▸ **DATA EXTRACTS**
# # # # #
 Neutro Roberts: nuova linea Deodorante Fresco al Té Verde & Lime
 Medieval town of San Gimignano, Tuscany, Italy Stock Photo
# # # # #
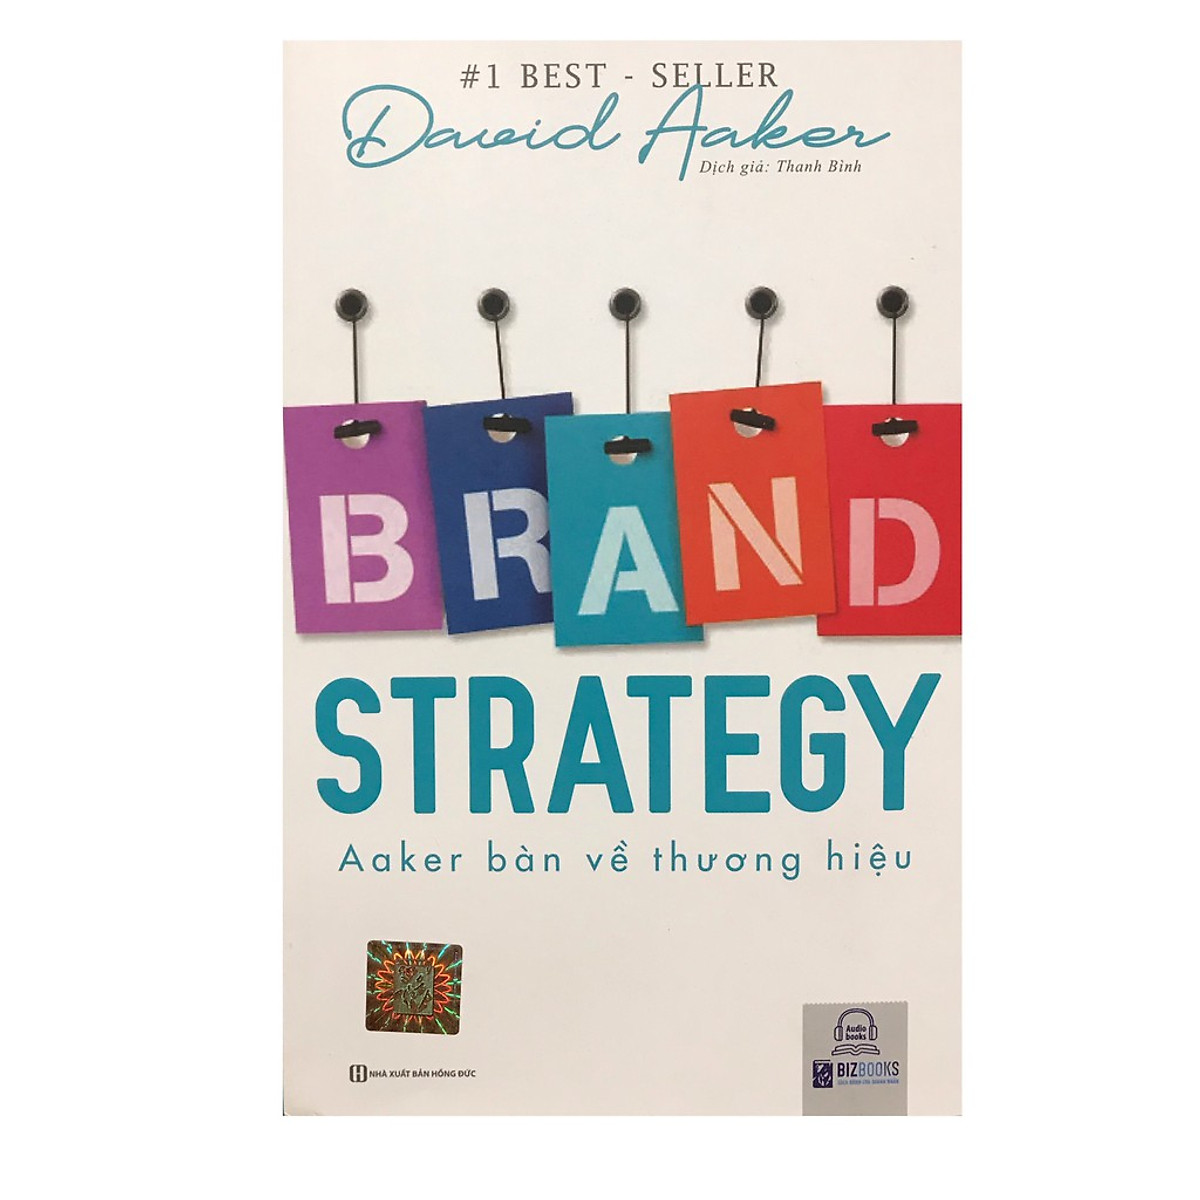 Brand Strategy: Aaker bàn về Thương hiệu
# # # # #
▸ **EXERCISE AIM**
Scan the listing above for the line that has "Neutro Roberts: nuova", then copy exactly from that line through the line that has "Medieval town of".

▸ **RESPONSE TO THIS EXERCISE**
 Neutro Roberts: nuova linea Deodorante Fresco al Té Verde & Lime
 Medieval town of San Gimignano, Tuscany, Italy Stock Photo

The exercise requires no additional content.